Sharon is 42, has a good job and is intelligent. Recently, she brought "Rick" to our family reunion. We were all impressed with this handsome, well-educated professional man.

Well, she recently confided that Rick has been married four times, and if that wasn't enough to deter her, she also said he had served time in jail for molesting his 6-year-old daughter. Our family is in an uproar!

Sharon doesn't seem to think this is an issue because her sons are all grown. We have all told her that we don't want him around.

I'm so worried for my sister. How desperate must she be to have a man in her life to settle for a child molester? What should we do? Can child molesters be rehabilitated? -- SICKENED SISTER IN NEW JERSEY

DEAR SICKENED SISTER: My experts have told me that although child molesters "can" be rehabilitated, the success rate is very low. If your sister marries this man, he should not be allowed to be around minor children, including grandchildren, nieces, nephews and neighborhood children. Indeed, as a condition of his release from prison, he may not be allowed to be.

DEAR ABBY: Ever since my dad got the promotion to a job he always dreamed of, we got rich. We moved to a different city, a better neighborhood and a nicer house. We live next door to an even richer family. They are very snobbish. Nevertheless, my mom thinks they are "perfect."

My mom is always trying to set up play dates with these neighbors' creepy son, "Jared." Jared is a bad kid.
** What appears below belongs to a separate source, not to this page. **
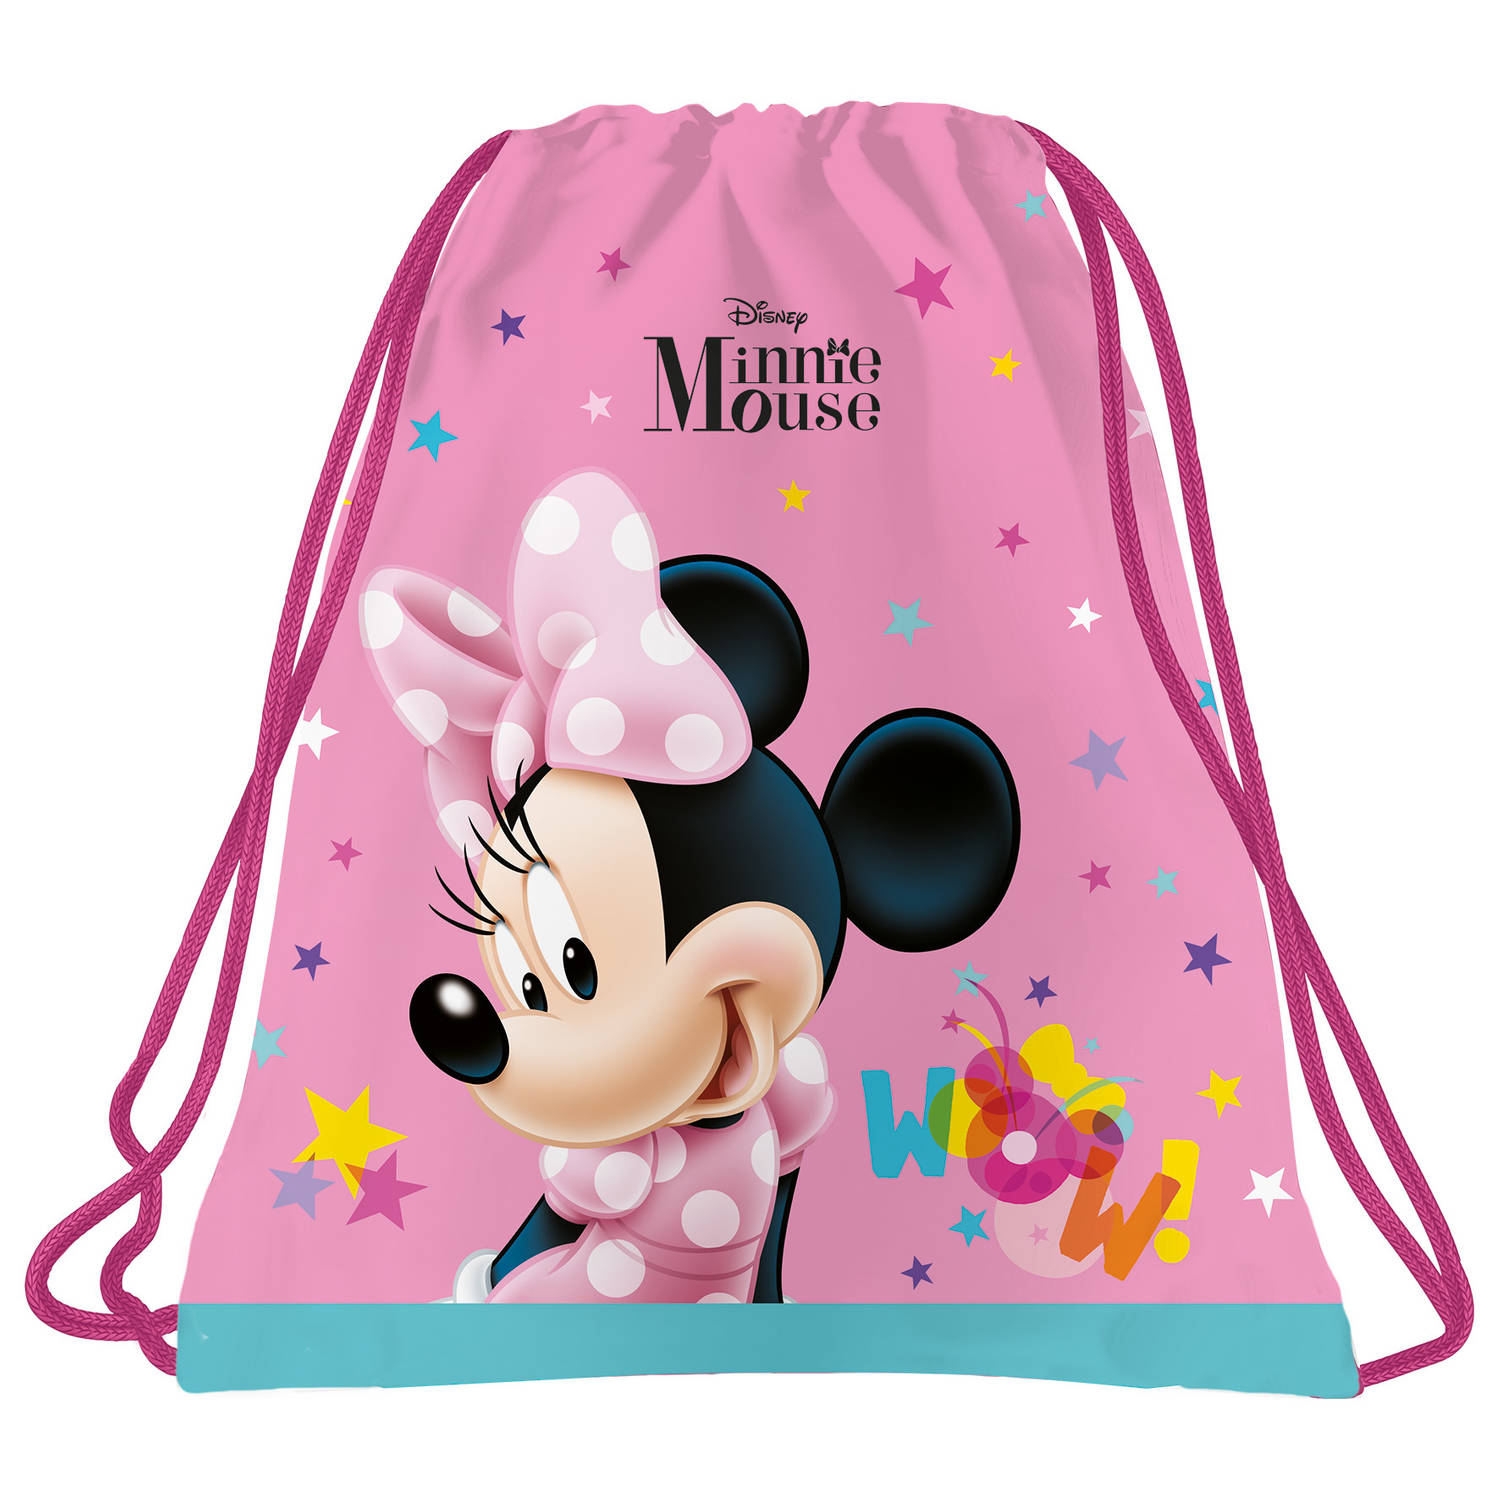 Disney Minnie Mouse Gymbag Wow - 41 x 35 cm - Polyester

He is racist and lies to his parents all the time. What should I do? Every time I tell my mom, she says I need to "extend" myself. But I can't stand only being friends with Jared because our mothers are friends. -- FAKING IN WEST PALM BEACH, FLA.

DEAR FAKING: If you are living in a nicer house in a better neighborhood, it should follow that you are also attending a "better" school. Surely there are extracurricular activities offered at your school that would give you an opportunity to interact with other kids -- and therefore have less time to "play" with Jared. That's what I'm advising you to look into.

In spite of his financial advantages, he appears to be a troubled, unhappy and angry boy who might benefit from counseling. And you should not be spending all your time with just one "friend," if you can be part of a larger crowd.

DEAR ABBY: I spend lots of time and money on my flower garden. While I'm outside working, it is not unusual for complete strangers to stop and ask me for plants and bulbs. Believe it or not, three women were even brazen enough to ring my doorbell.

It is one thing to share flowers with friends and family -- but with people I don't even know? Please give me a clever response to these nervy individuals. -- APPALLED IN WINCHESTER, VA.

DEAR APPALLED: You should count yourself lucky that these "nervy individuals" are asking for the plants and not pinching them. Sadly, I have heard from other frustrated horticulturalists whose gardens have been denuded by people who simply helped themselves.

As to what to say to people who ring your bell asking for plants, rather than being put off, why not give them the name and address of the nursery where you buy your own? That's what I'd do -- unless I offered them a cutting so they could root their own plants.